A Stanford Proposal on the ‘Foundations’ of AI Burns Controversy
Last month, Stanford the researchers declared a new era of artificial intelligence came, one built upon much more neural networks and oceans of data. They say a new research center at Stanford will build – and study – these “basic models” of AI.
Critics of the idea quickly emerged-including a workshop organized to mark the launch of the new center. Some are opposed to the limited abilities and sometimes bad manners of these models; others warn of focusing too much on one way to make the machines more brainy.
Malik acknowledges that a class of model identified by Stanford researchers – large speech models that can answer questions or create text from a single prompt – has many practical uses. But he says evolutionary biology suggests that language is involved in other aspects of intelligence such as interaction with the physical world.
“These models are really air castles; they don’t have any foundation whatsoever,” Malik said. “The language that is in these models is baseless, it has an explanation, there is no real understanding.” He declined an interview request.
A research paper written by dozens of Stanford researchers describes “an emerging model for building artificial intelligence systems” labeled “foundational models.” Larger AI models have generated some surprising advances in AI in recent years, in areas such as vision and robotics as well as language.
Large language models are also based on the preferences of tech companies Google and Facebook, which is used in areas such as search, advertising, and content moderation. Building and training large language models can require millions of dollars of cloud computing power; Currently, their development is limited and used by some good technology companies.
But large models also have a problem. Speech models inherited bias and bad text from the data they trained, and they had zero understanding of common sense or what was true or false. Given a prompt, a large language model is possible spitting out bad language or misinformation. There is also no guarantee that these large models will continue to make advances in machine intelligence.
Stanford’s proposal divides the research community. “Calling them“ foundation models ”completely disrupts the discourse,” he added. Subbarao Kambhampati, a professor at Arizona State University.
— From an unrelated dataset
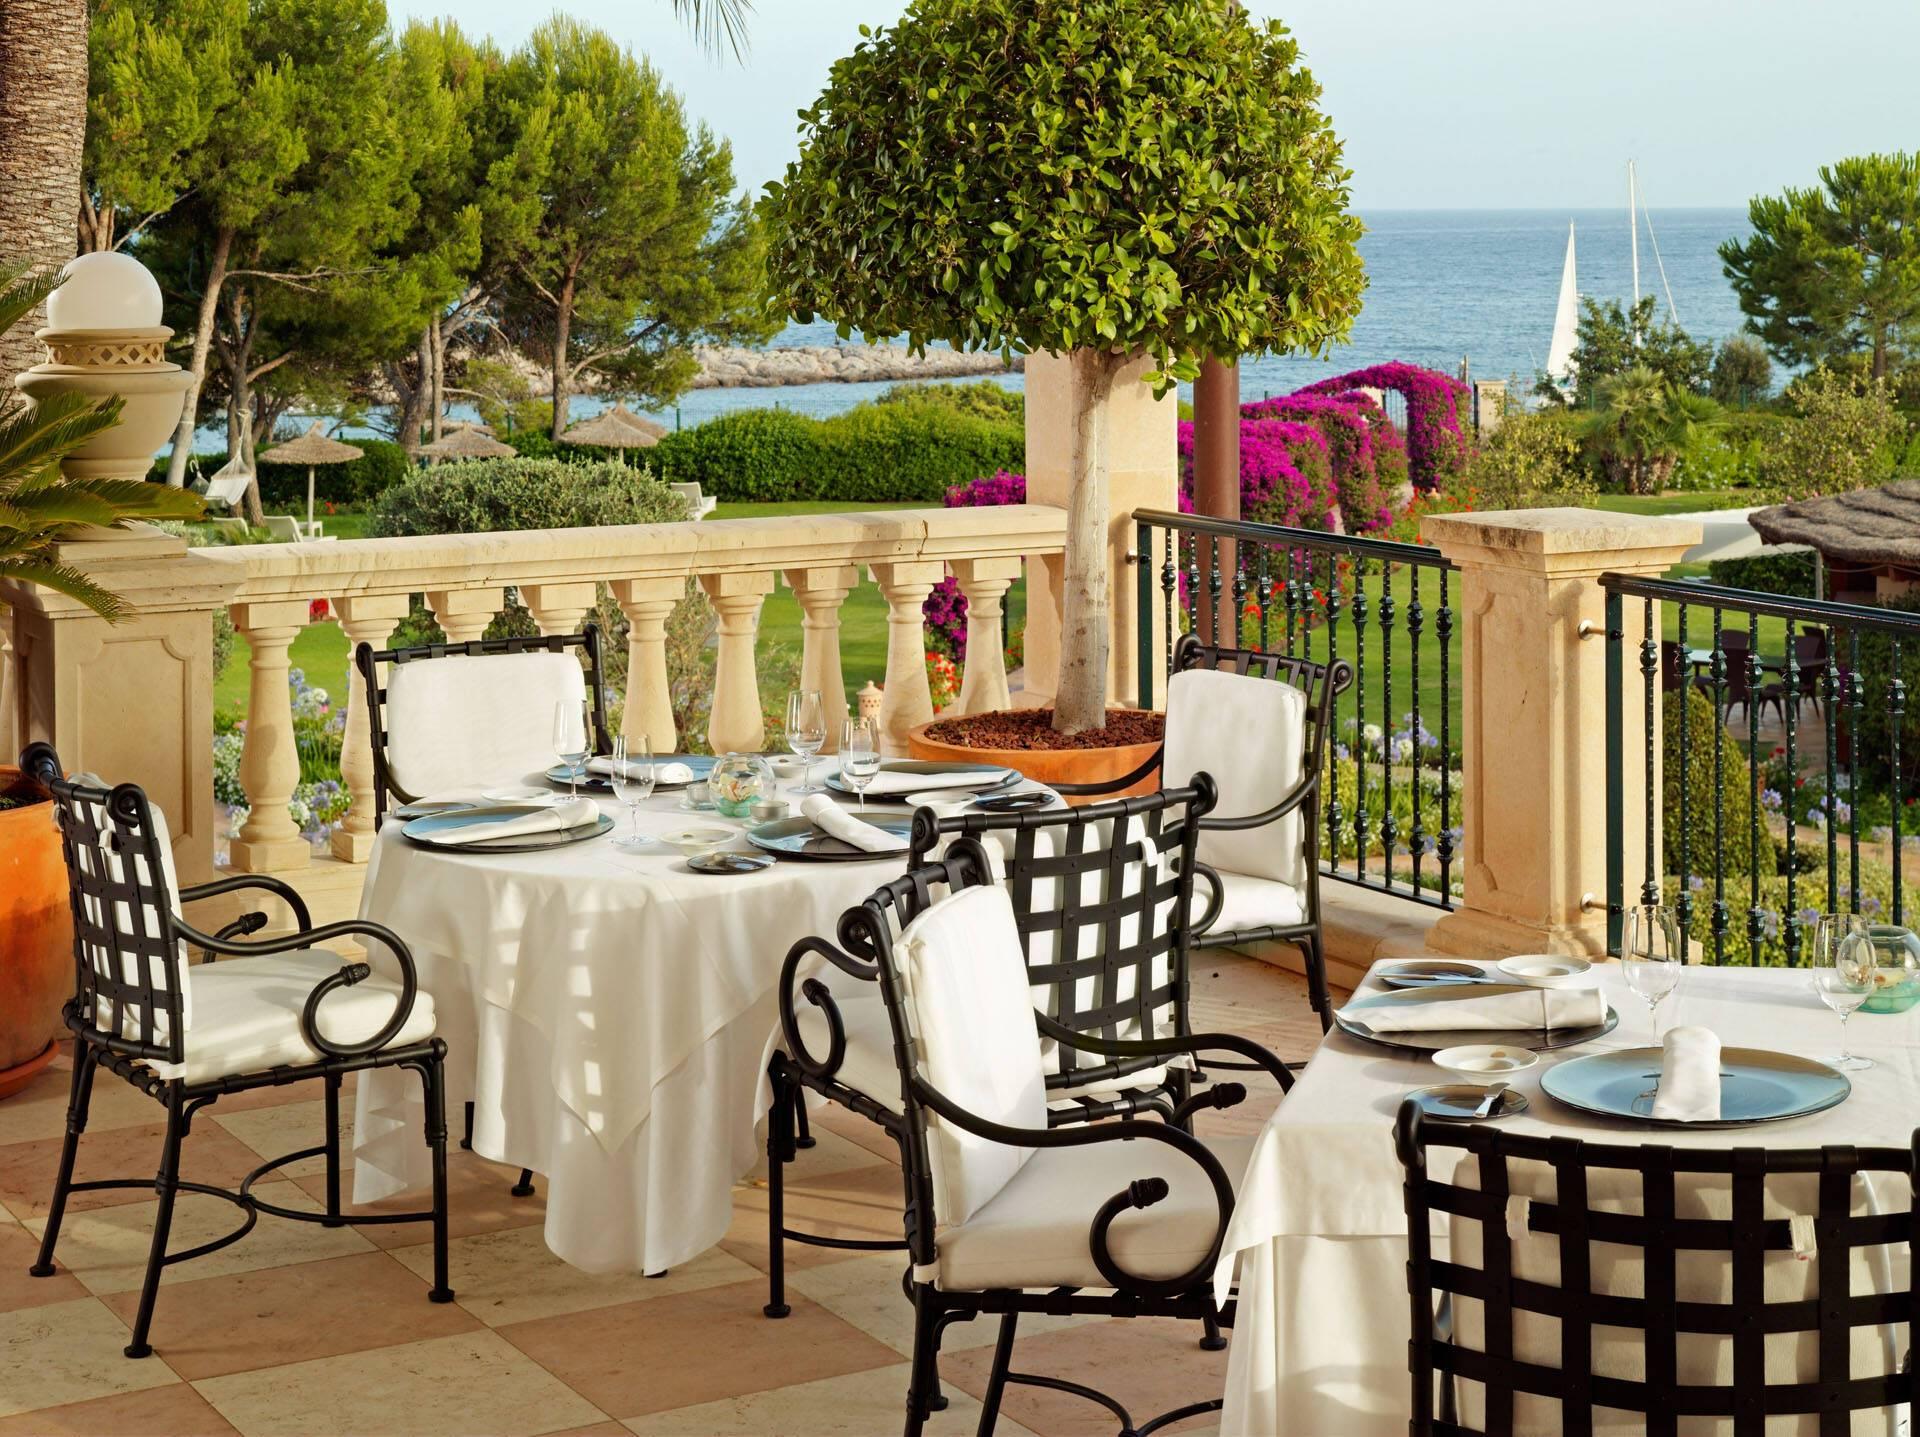 St Regis Mardavall Resort Majorque Restaurant Es Fum Terrasse

There is no clear path from these models to the more common form of AI, according to Kambhampati.
Thomas Dietterich, a professor at Oregon State University and former president of Association for the Advancement of Artificial Intelligence, says he has “great respect” for the researchers behind the new Stanford center, and he believes they are genuinely concerned about the problems posed by these models.
But Dietterich knows if the idea of foundation models isn’t about getting funding for the resources needed to build and use them. “I’m amazed that they gave these models such a beautiful name and made a centerpiece,” he said. “That’s the reason for planting the flag, which can have a lot of benefits in terms of fundraising.”
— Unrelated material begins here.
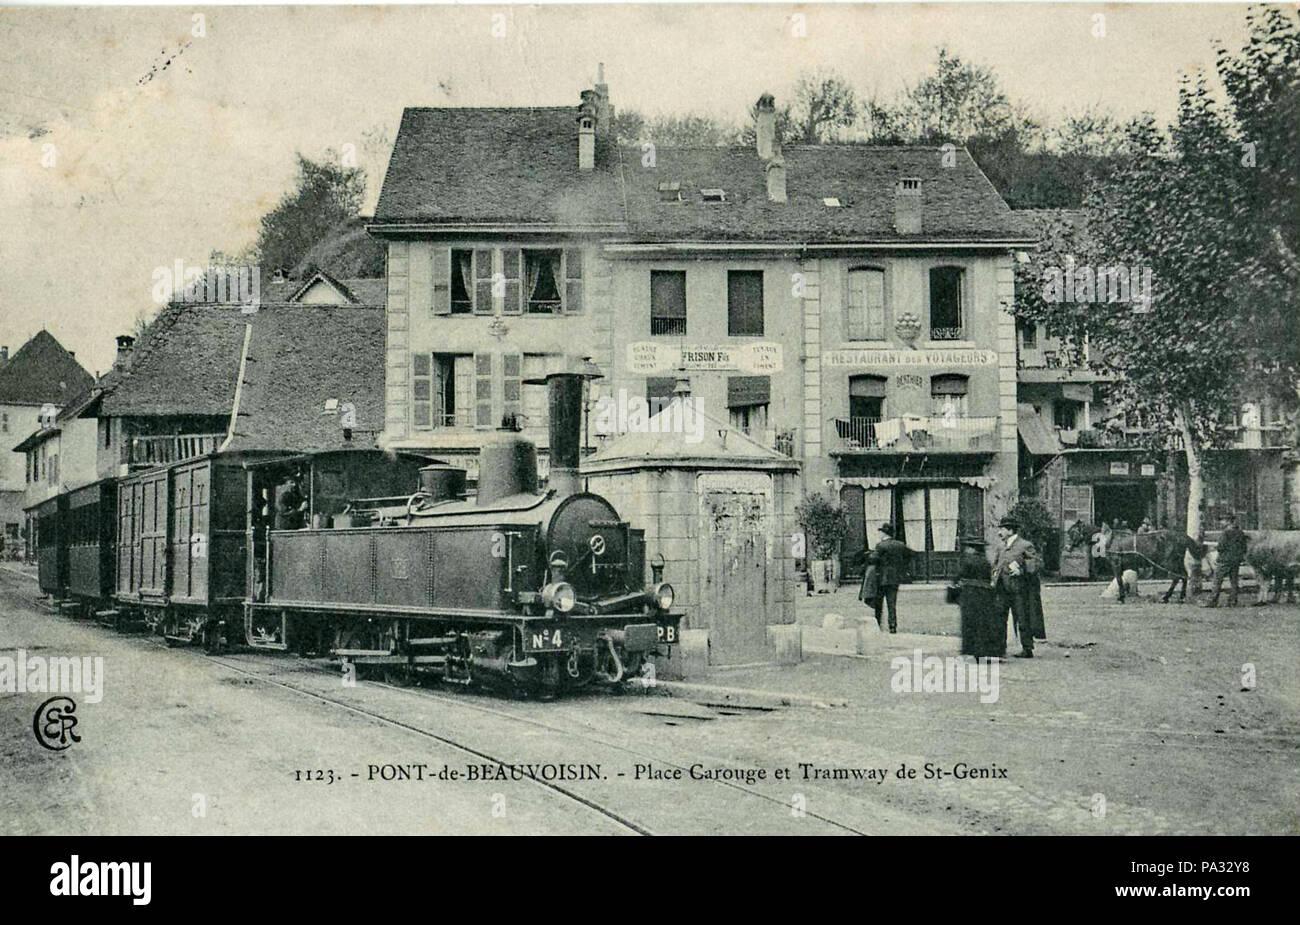 624 ER 1123 - PONT-DE-BEAUVOISIN - Place Carouge et Tramway de St-Genix Banque D'Images

Stanford also suggested making a National AI Cloud to make industry -scale computer resources available to academics working on AI research projects.
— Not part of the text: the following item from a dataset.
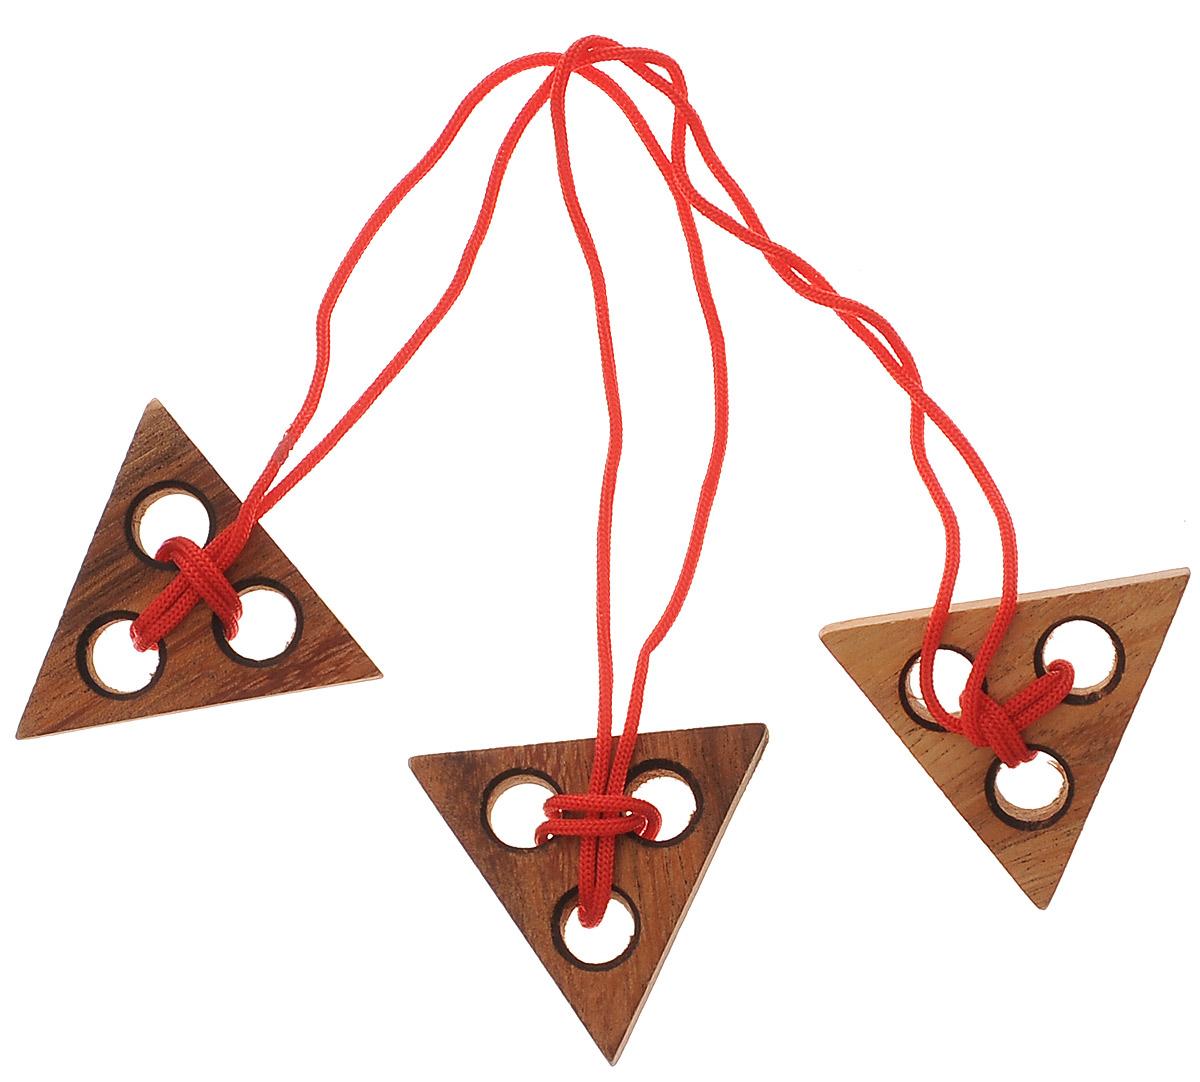 """Головоломка Dilemma """"Три треугольника"""", выполненная из дерева, станет отличным подарком всем любителям головоломок! Головоломка предусмотрена для одного игрока. Цель: освободить средний треугольник от веревки. Использование ножниц запрещено. Подсказка: не перекручивайте веревку. Получилось? Попробуйте завязать ее обратно. Слишком сложно? Воспользуйтесь подсказкой из предложенного решения. Головоломка Dilemma """"Три треугольника"""" стимулирует логику, пространственное мышление и мелкую моторику рук."""

Emily M. Bender, a professor in the linguistics department at the University of Washington, says he’s concerned that the idea of fundamental models reflects an investment bias in the industry-favored AI data-centric approach.
Bender said it’s even more important to study the risks posed by large AI models. He wrote an a ROLE, published in March, which drew attention to the problems of many models of language and contributed to the departure of two Google researchers. But he said the review should come from multiple disciplines.
“There are all the other neighbors, really important farms that are just starving for funding,” he said. “Before we throw money into the cloud, I want to find money in other disciplines.”